From:	Marco Nenciarini <marco(dot)nenciarini(at)enterprisedb(dot)com>
To:	Xuneng Zhou <xunengzhou(at)gmail(dot)com>
Cc:	Fujii Masao <masao(dot)fujii(at)gmail(dot)com>, pgsql-hackers(at)postgresql(dot)org
Subject:	Re: BUG: Cascading standby fails to reconnect after falling back to archive recovery
Date:	2026-03-18 09:49:25
Message-ID:	CA+nrD2eJUfLq8_Ed7fv-7LrmkOoLJ28LwAHh-Rjjg4RU9KOYCg@mail.gmail.com
Views:	Whole Thread \| Raw Message \| Download mbox \| Resend email
Thread:
Lists:	pgsql-hackers

Here are the v4 patches implementing what I described above.

On top of Xuneng's v3 (keeping the wait_for_event and scoped log
window test improvements), the main changes are:

- The wait is now capped at one wal_segment_size. If the gap is
larger, we skip the wait and let START_REPLICATION fail normally
so the startup process can fall back to archive. This avoids
indefinite polling when the upstream is fundamentally behind.
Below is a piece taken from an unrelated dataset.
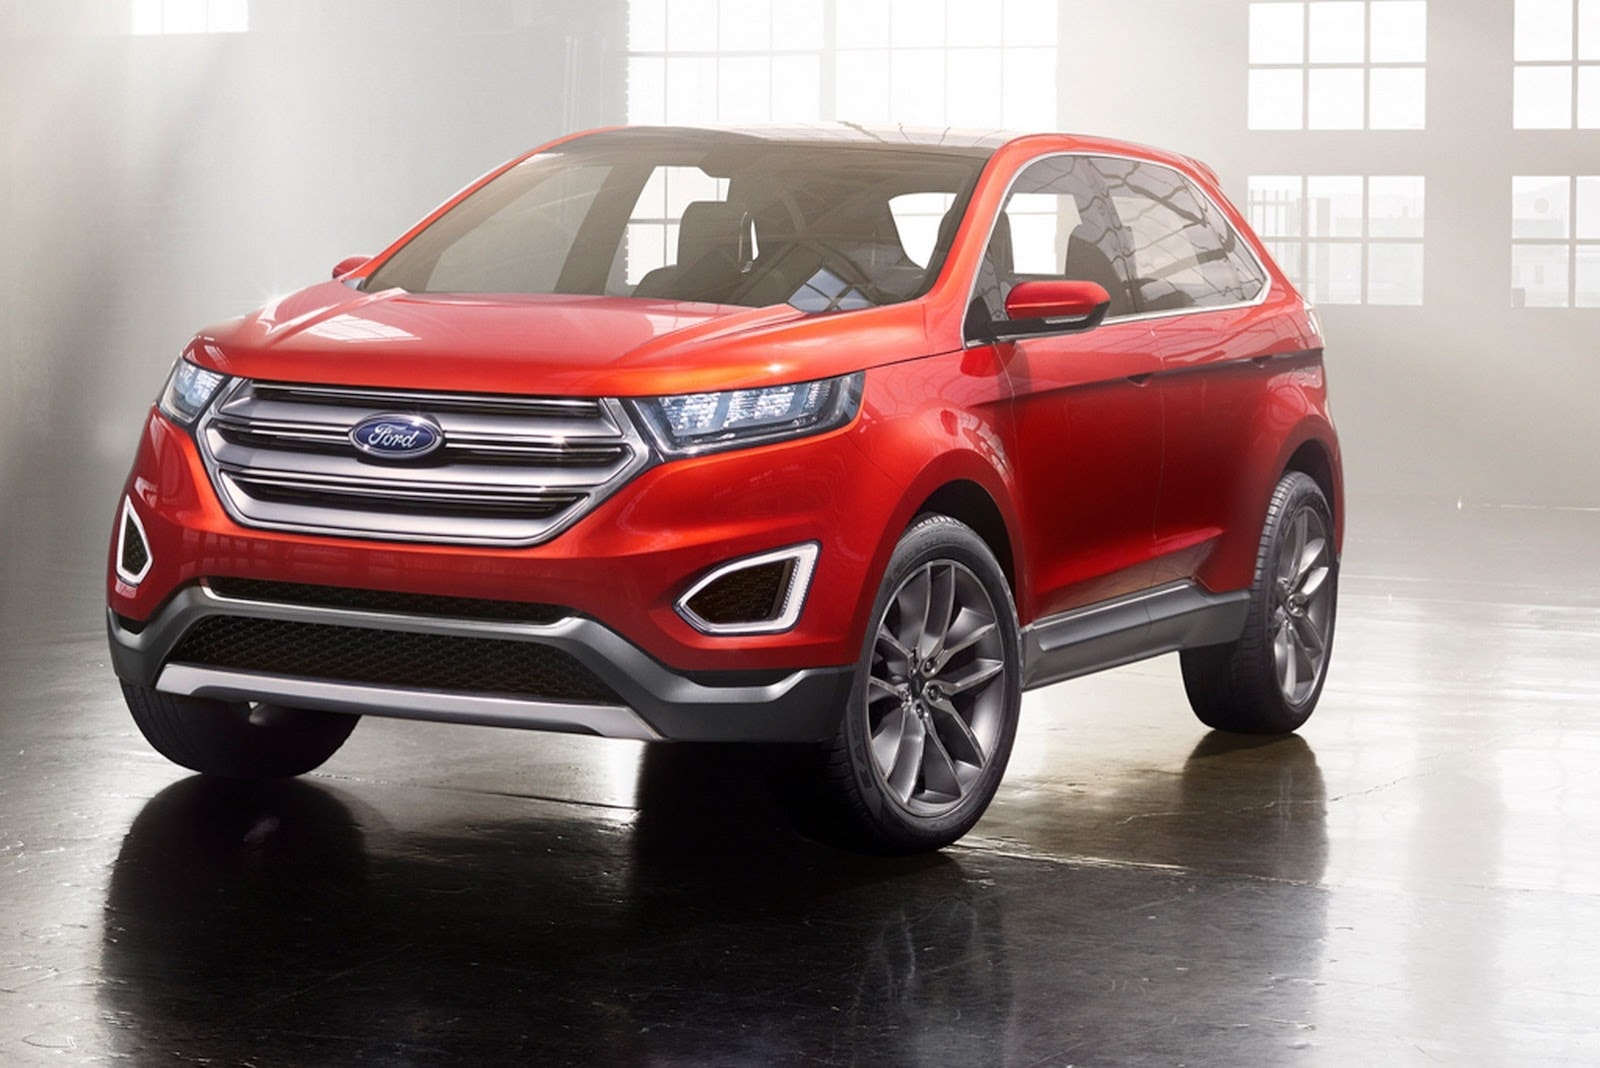 2015-ford-edge-concept-unveiled-photo-ga

- The first "ahead of flush position" message is logged at LOG,
subsequent ones at DEBUG1, to cut down on noise during a long wait.

Two patches attached: v4-0001 for master (extends the
walrcv_identify_system API with an optional server_lsn output
parameter) and v4-backpatch-0001 for stable branches (uses a global
variable to preserve ABI, per Alvaro's suggestion).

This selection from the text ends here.